Если поэзия – голос мирового хаоса, то не лучше ли непосредственно раствориться в нем, минуя его отражение в книгах, где хаос не выплескивается за пределы переплетов?
Если поэзия – могучая сила действия, то не надежнее ли – прибегнуть к штыку или маузеру?
Пятый взгляд на бесполезность поэзии не только противостоит предыдущим четырем, но и объемлет их, а по сути – из них вытекает. Если утверждать, что поэзия нужна потому-то и для того-то, то в конце концов придется согласиться, что она полностью бесполезна, поскольку те же цели лучше достигаются без нее: маузер стреляет точнее, море колышется вольнее, дерево врастает в почву глубже…
Но из этого вытекает только то, что поэзию, как и жизнь, нужно полюбить прежде смысла ее, не доискиваясь целей.

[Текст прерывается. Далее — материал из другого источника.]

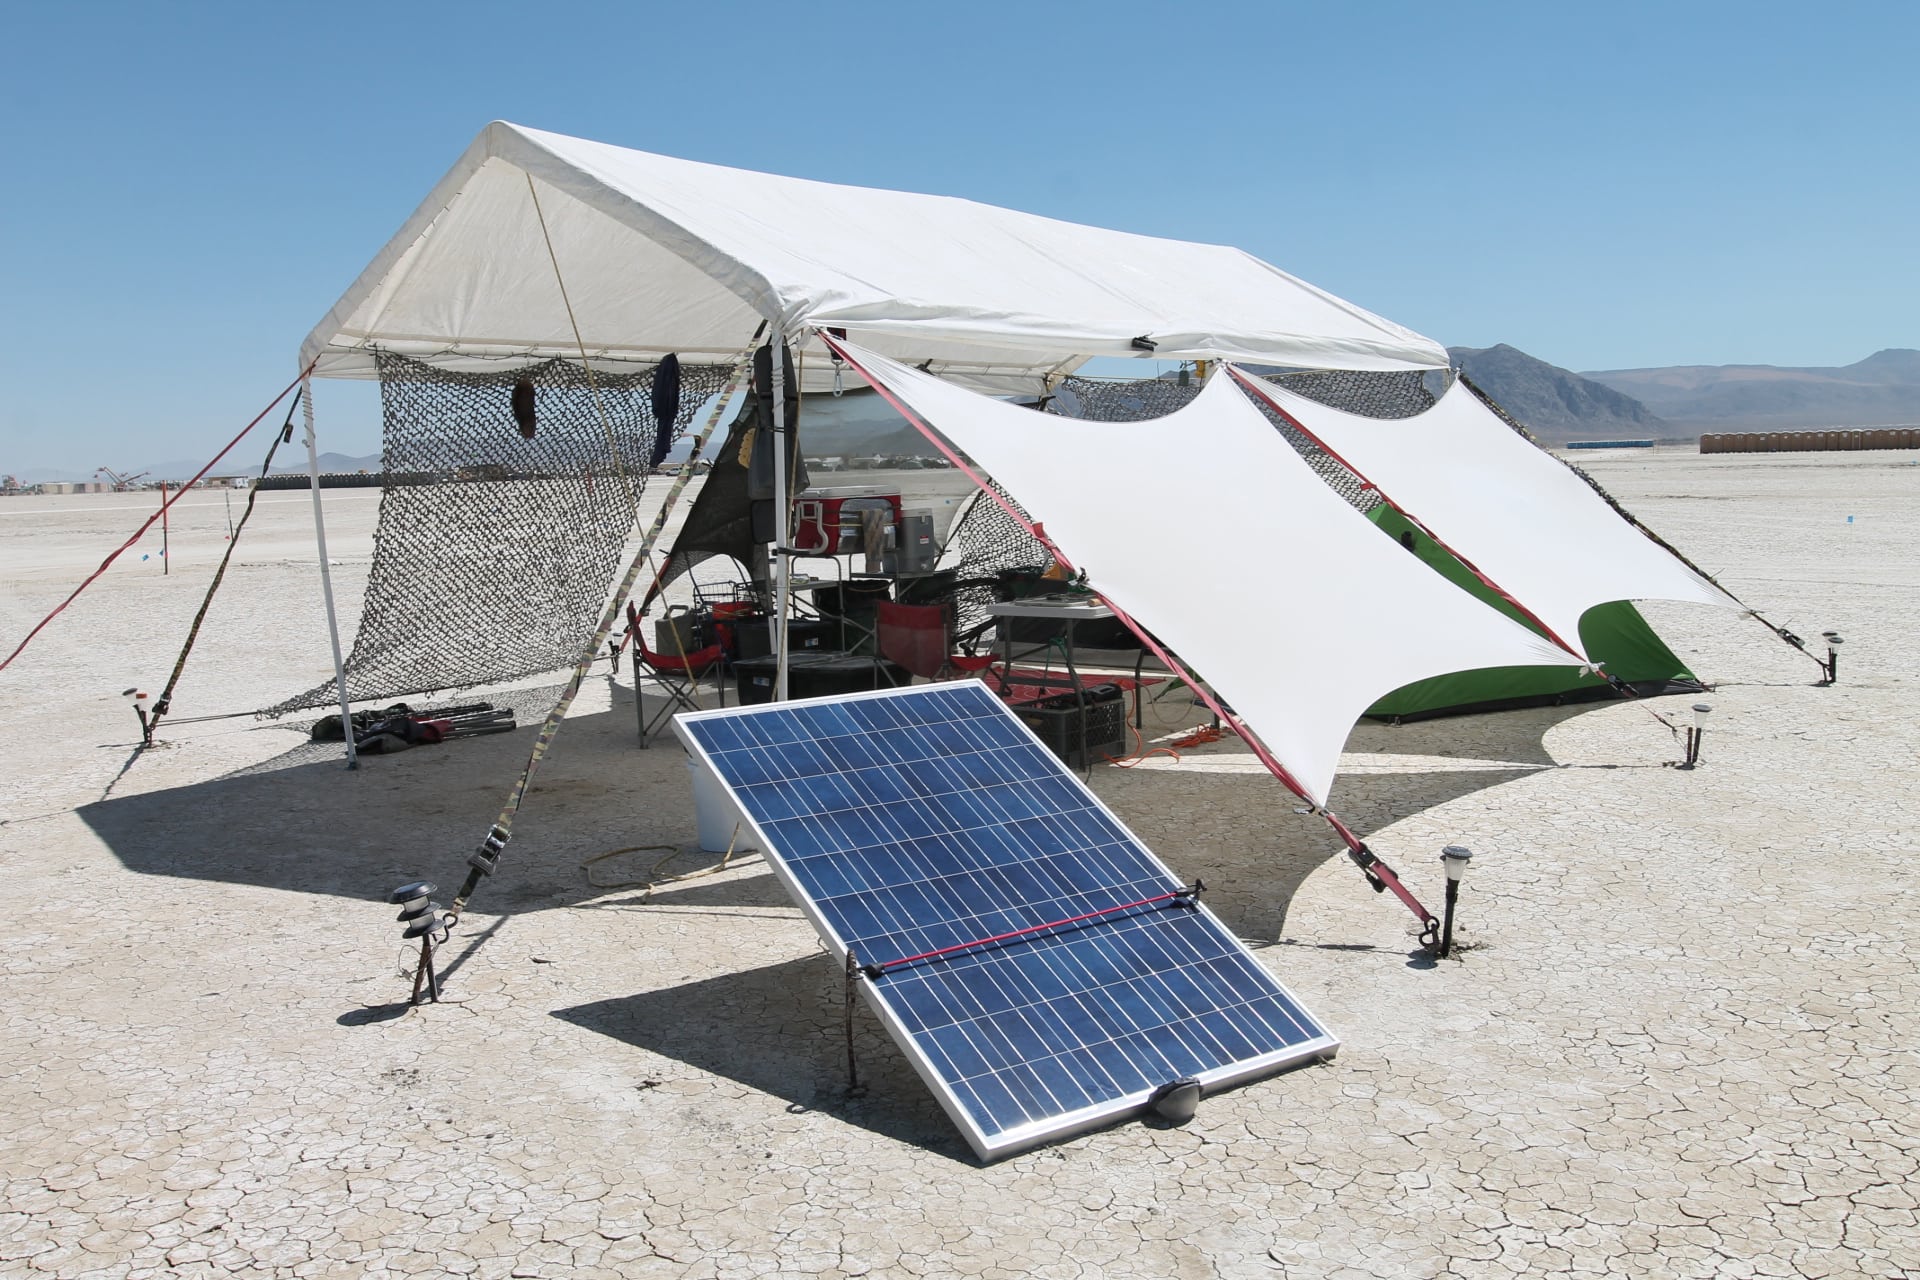 เทศกาลดนตรีอย่าง Burning Man หันมาใช้พลังงานแสงอาทิตย์แทนการใช้เครื่องปั่นไฟ

Это можно было бы назвать шестым взглядом, но в том-то и дело, что это уже не «взгляд на», а «любовь к». Поэзия столь же естественна и неосмысляема, как жизнь. Поэзия – это сердце, бьющееся в речи и разгоняющее – переносящее – смысл слов по всему мирозданию. По сравнению с поэзией просто жизнь есть аритмия, вялость сердечной мышцы, силы которой хватает только на то, чтобы перегонять кровь, – низшая степень жизненности. Поэзия – жизнь вдвойне, она распространяется на такие сферы сознания, культуры, воображения, о которых обычная жизнь не смеет и мечтать. Это высшая степень здоровья, когда ритмично пульсируют мысль и речь и когда в такт сердцу начинает биться все мироздание.
Часть I
Поэзия
Раздел 1
Легенды и каноны
От Орфея до Мандельштама.
О природе поэзии
А смертным власть дана любить и узнавать,
Для них и звук в персты прольется,
Но я забыл, что я хочу сказать, —
И мысль бесплотная в чертог теней вернется.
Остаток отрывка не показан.